_Provided entries_
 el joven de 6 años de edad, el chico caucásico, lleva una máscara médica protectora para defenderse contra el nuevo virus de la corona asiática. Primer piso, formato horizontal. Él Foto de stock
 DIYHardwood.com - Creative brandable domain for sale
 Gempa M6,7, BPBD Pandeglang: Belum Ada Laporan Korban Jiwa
...
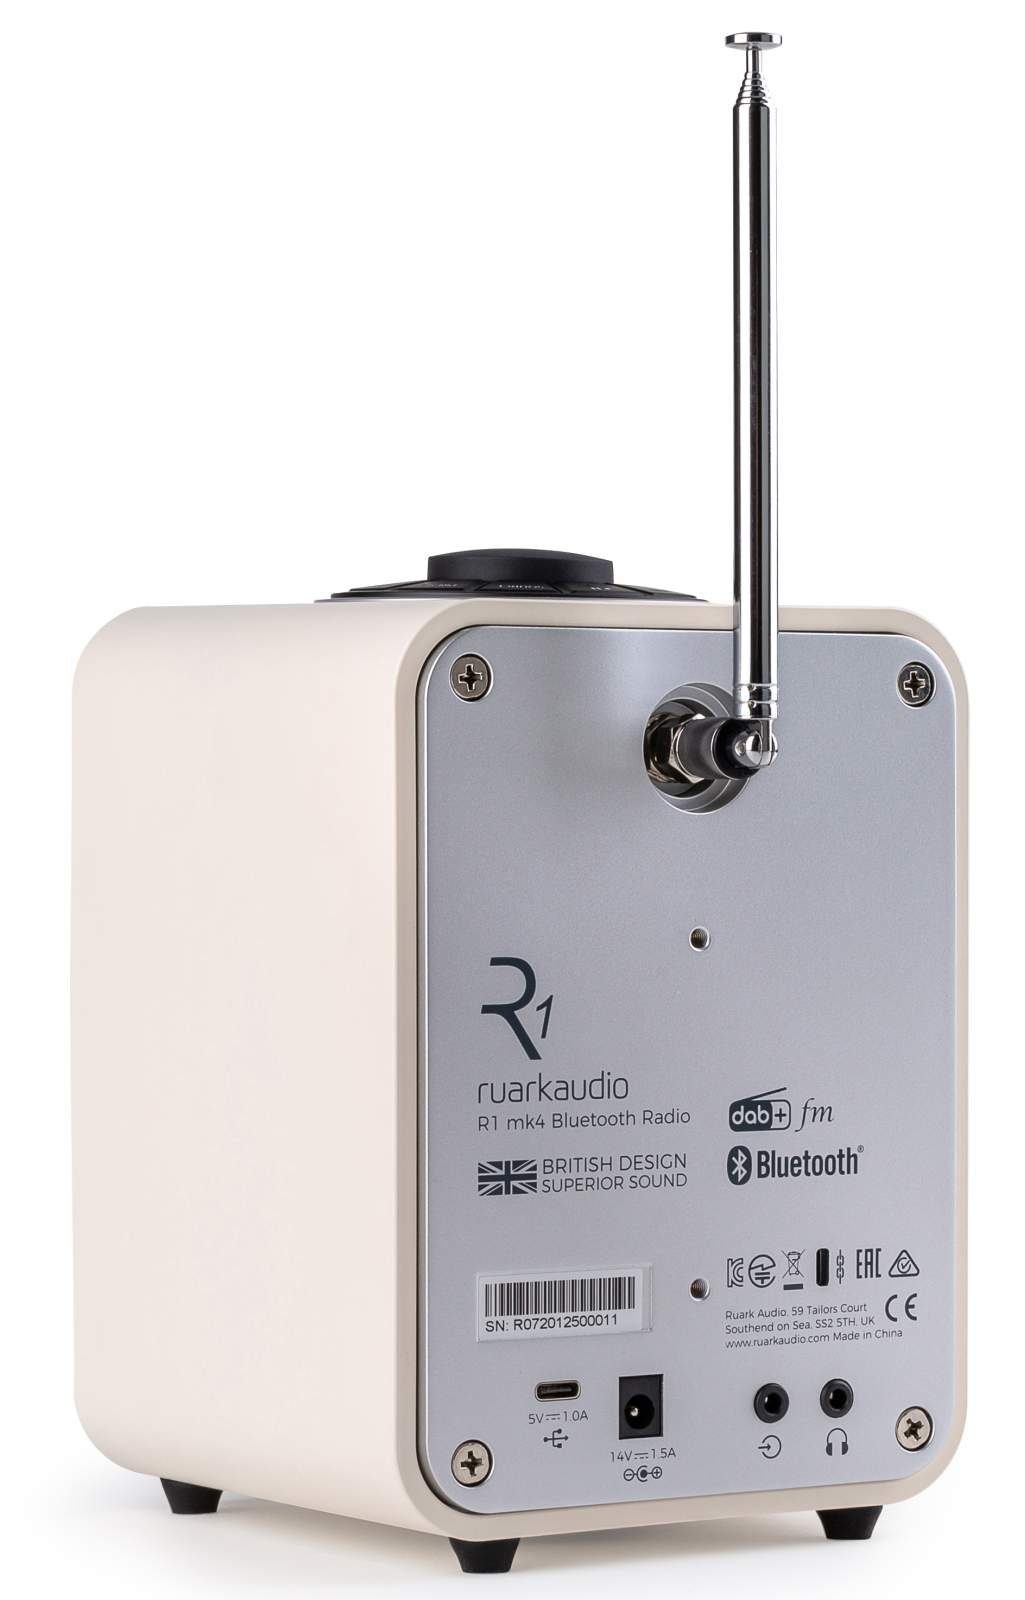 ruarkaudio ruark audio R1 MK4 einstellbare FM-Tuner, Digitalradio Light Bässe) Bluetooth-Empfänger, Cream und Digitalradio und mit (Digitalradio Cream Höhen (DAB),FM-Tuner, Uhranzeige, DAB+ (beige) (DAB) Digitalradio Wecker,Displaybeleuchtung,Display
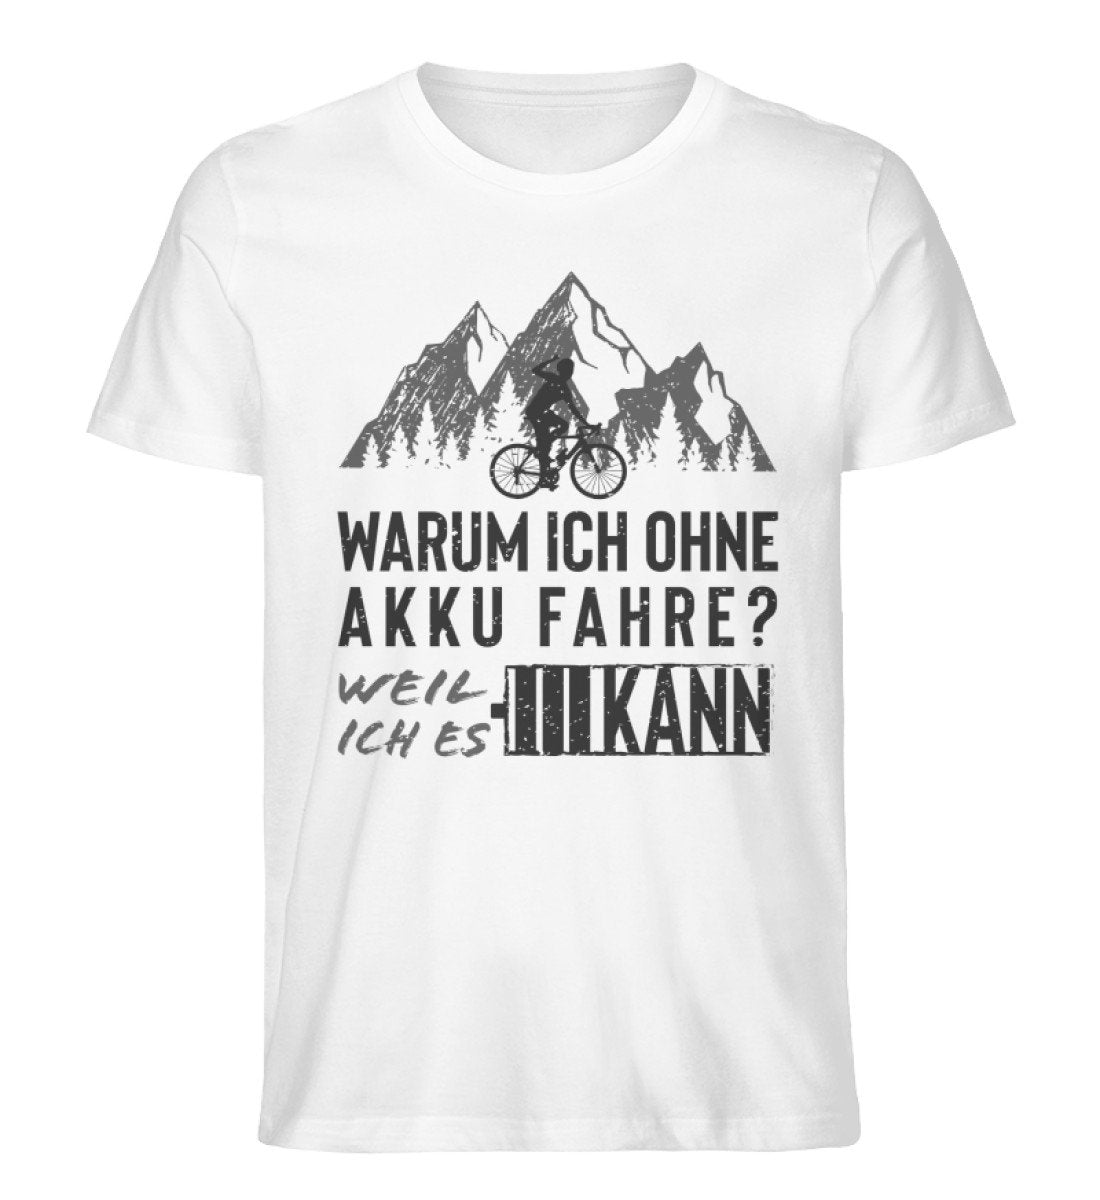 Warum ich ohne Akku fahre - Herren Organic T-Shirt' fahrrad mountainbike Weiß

_Problem description_
In the data above, which lines lie between the line with "el joven de" and the line with "Gempa M6,7, BPBD", inclusive? Print those lines exactly and nothing else.

_Written reply_
 el joven de 6 años de edad, el chico caucásico, lleva una máscara médica protectora para defenderse contra el nuevo virus de la corona asiática. Primer piso, formato horizontal. Él Foto de stock
 DIYHardwood.com - Creative brandable domain for sale
 Gempa M6,7, BPBD Pandeglang: Belum Ada Laporan Korban Jiwa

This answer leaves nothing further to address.